No but I do have it. Was considering selling it actually.

I have a roughly programmed sketch using Orchestral Tools Berklee Symphonic Orchestra while I focus on the choirs, which takes up the bulk of the work tbh. Once I'm done with those I'll go over it with the rest of my OT stuff.


----------



## cyberboycoolen (Nov 12, 2021)

dhmusic said:


> No but I do have it. Was considering selling it actually.
> 
> I have a roughly programmed sketch using Orchestral Tools Berklee Symphonic Orchestra while I focus on the choirs, which takes up the bulk of the work tbh. Once I'm done with those I'll go over it with the rest of my OT stuff.

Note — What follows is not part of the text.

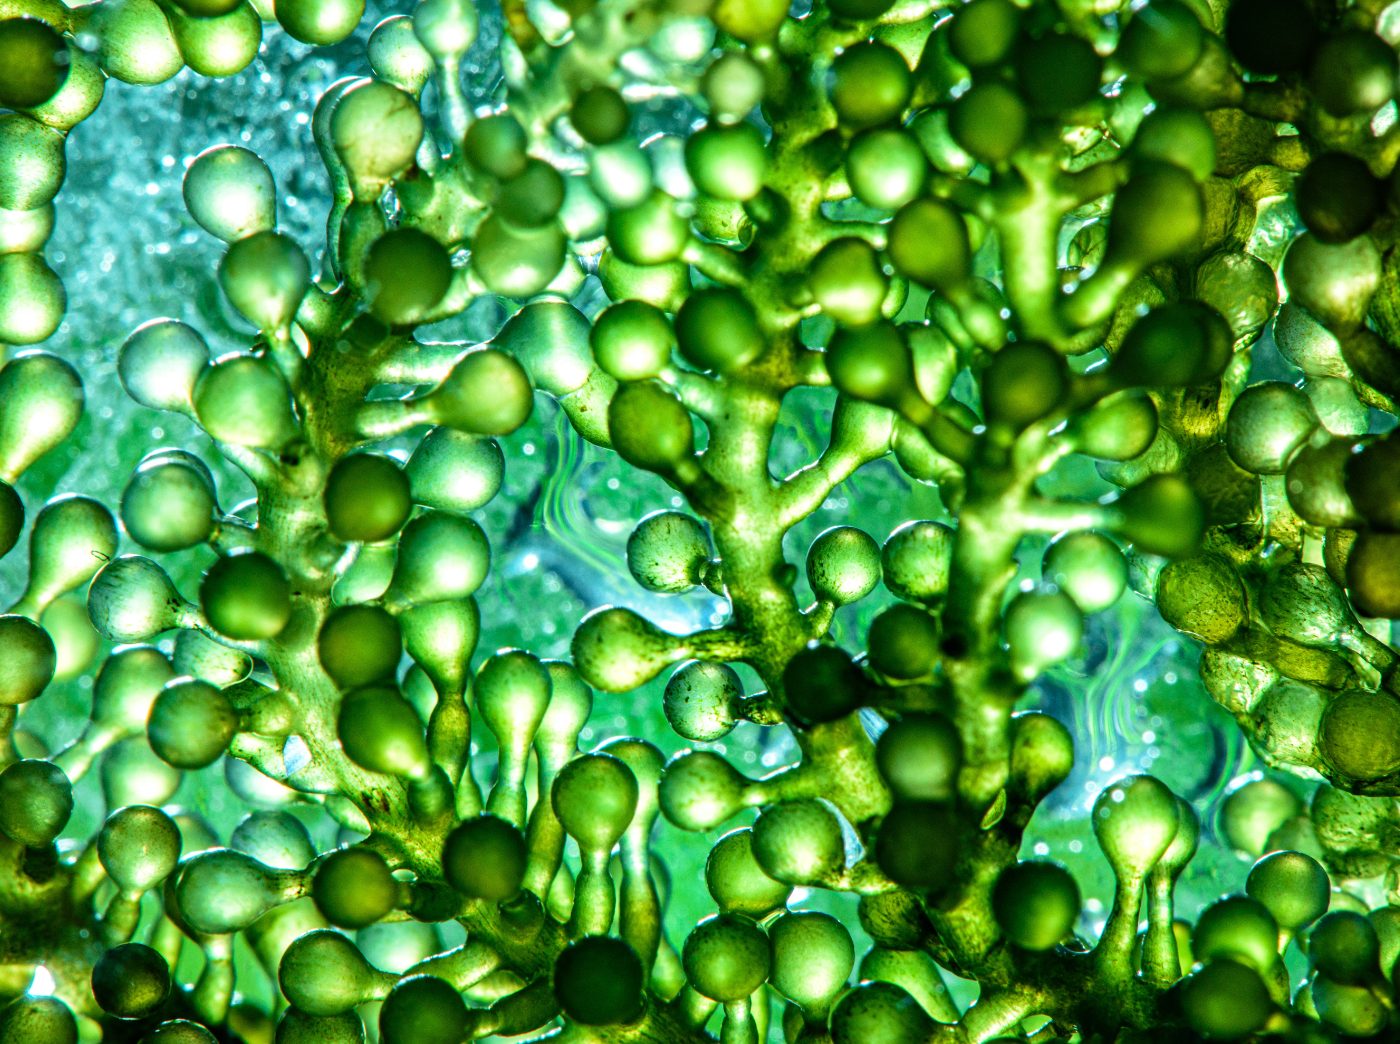 Alimentos a base de microalgas: materias primas alternativas prometedoras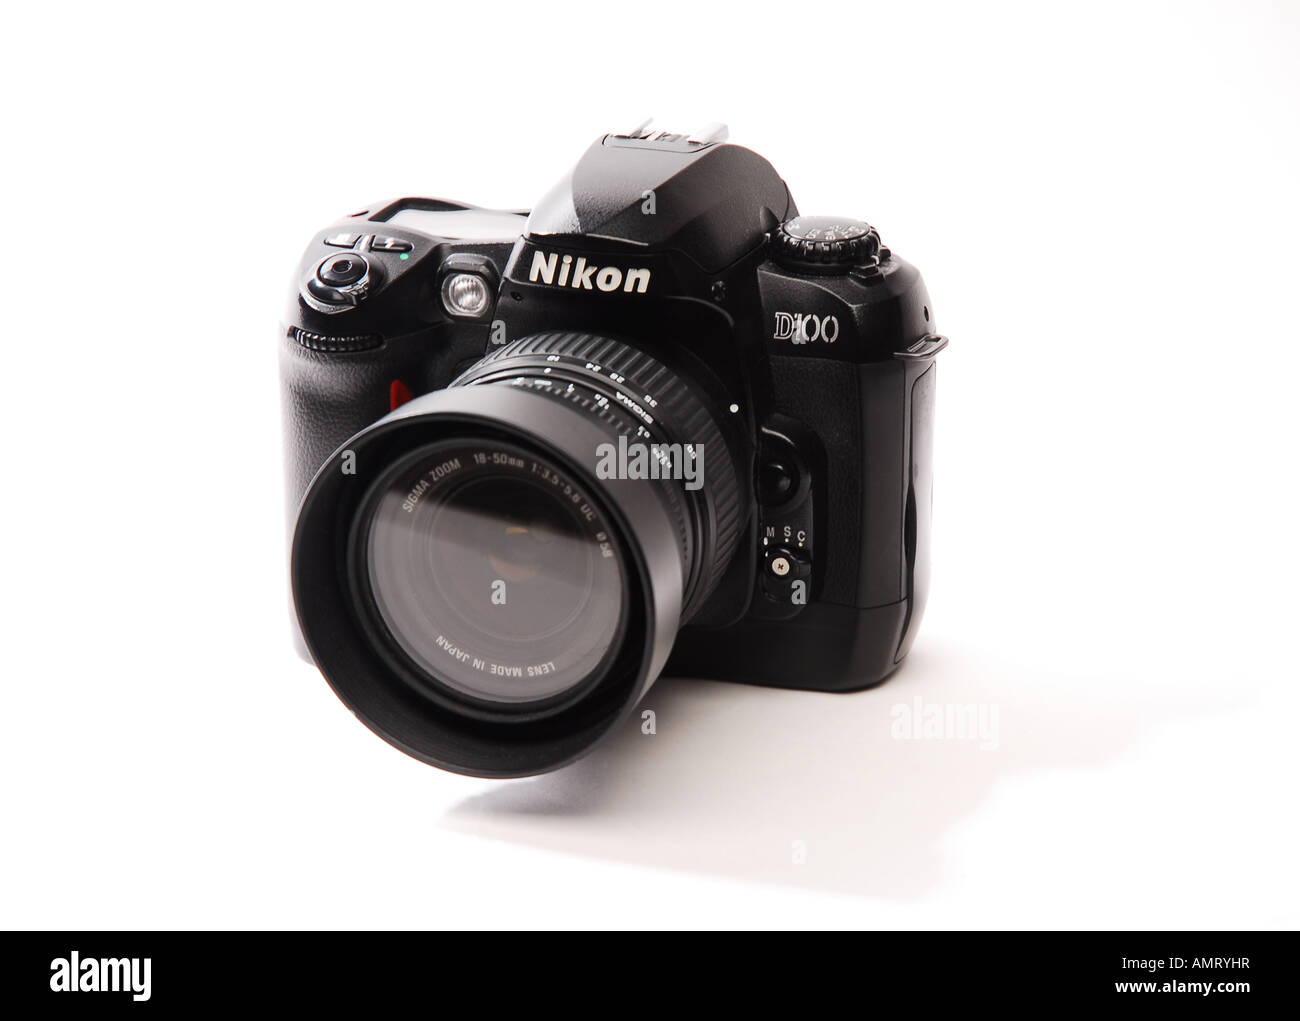 Nikon d100 hi-res stock photography and images - Alamy

Sorry for having a millions questions, but do you think it would be possible to come close to what you have done, with TOC2?


----------



## dhmusic (Nov 12, 2021)

cyberboycoolen said:


> Sorry for having a millions questions, but do you think it would be possible to come close to what you have done, with TOC2?


I think so since a lot of the articulations are covered in both. You won't be able to achieve as much subtlety since Berklee SO is a much more detailed library. It might be more noticeable on other compositions but I think I could basically do what I've sketched so far.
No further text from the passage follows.